Tuesday, February 02, 2010

Conflict, and the Effects of hate-mongering

We can despise the extreme wings of our politics all we want, but we seem to have them: Little mobberies pushed by the lies of tyrants -- perhaps the revenant Marxists, and the eruptive reactionaries, anyone willing to boil the stew. Anyone crying that compromise "makes you look weak"!

We have no better example of the instructively negative consequences of extremism than what can be drawn from the modern epoch's history of France. Of course, it is difficult to avoid the simple allure of the earlier milestones composed by the ancien regime, the Revolution, and Napoleon. None of those events, however, glittering, bloody, and instructive, were "modern".

The tumultuous era from 1830 to 1905 has been narrated by Frederick Brown, author of FOR THE SOUL OF FRANCE (2010).

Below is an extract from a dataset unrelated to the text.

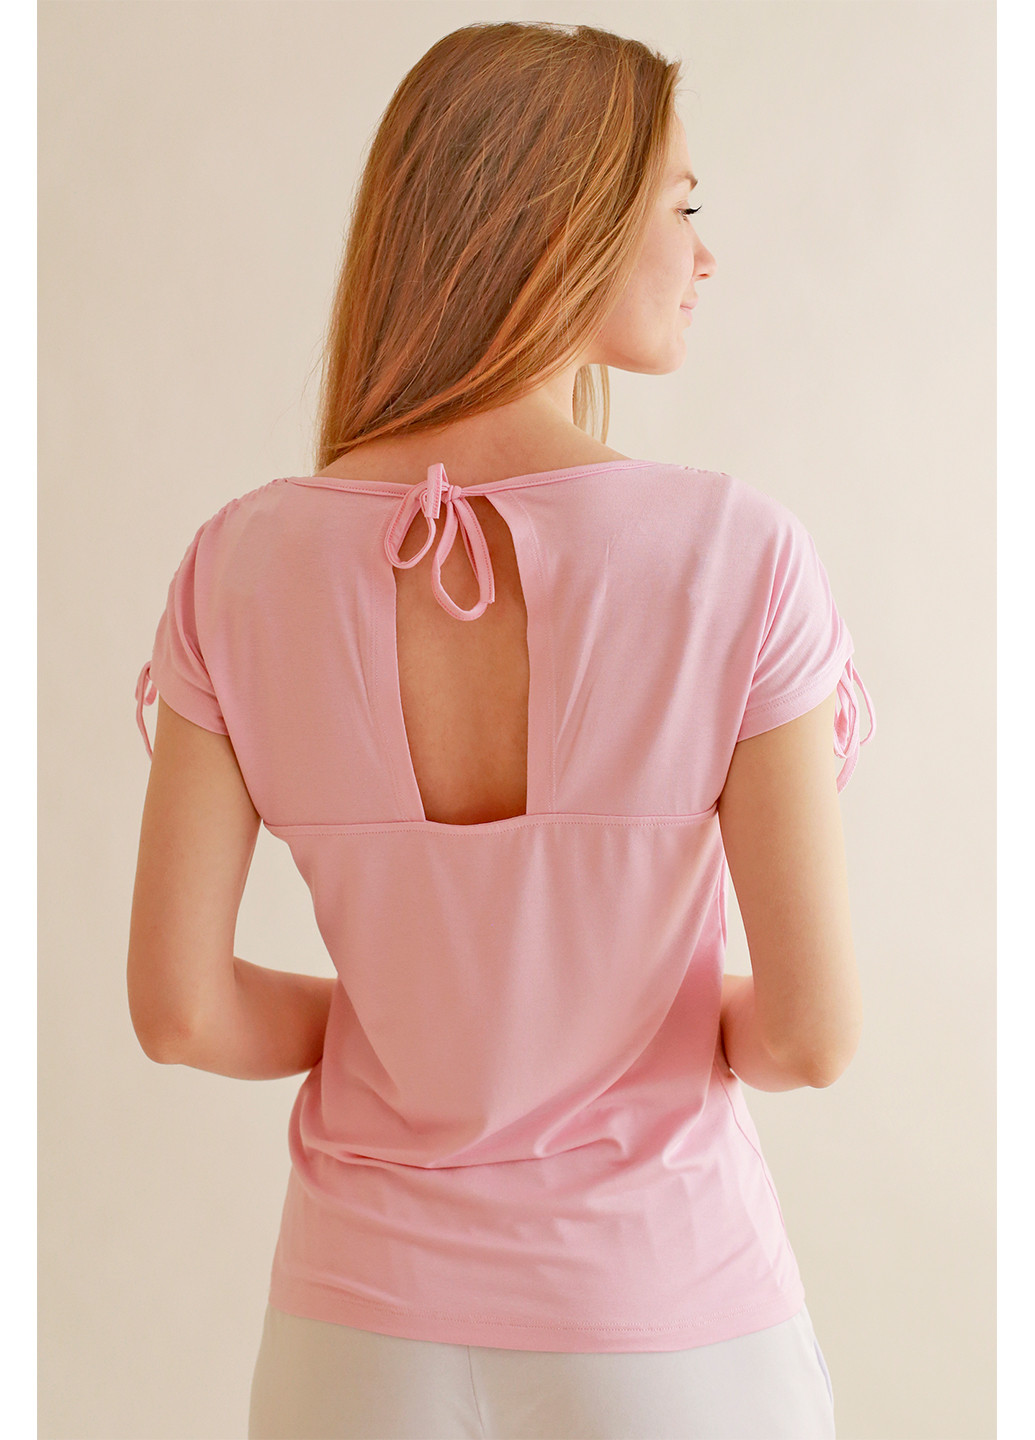 Розовая летняя футболка женская с коротким рукавом Kosta 1233-7

In this period, France ingested four different Constitutions, three dynasties, two republics, three revolutikons, one coup that worked and two that did not, two civil wars, one defeat in war that led to the German occupation of one-third of the country, two major financial scandals (neither of which involved Jews) that destroyed most savings accounts, and of course, the "trial of the century" -- the judicial and military scandal known as the Dreyfus Affair.

Now here is the lesson: What was The Cause of this turmoil? How did a nation that had brilliantly used accomodation and compromise to finally recover from centuries of corrupt oppression (Bourbons), the extremes of ideological terror (Robespierre, Orleans), and loss of almost all of its fighting age men (Napoleon), only to erupt again into chaos? What was the unrelenting driver for this self-destruction?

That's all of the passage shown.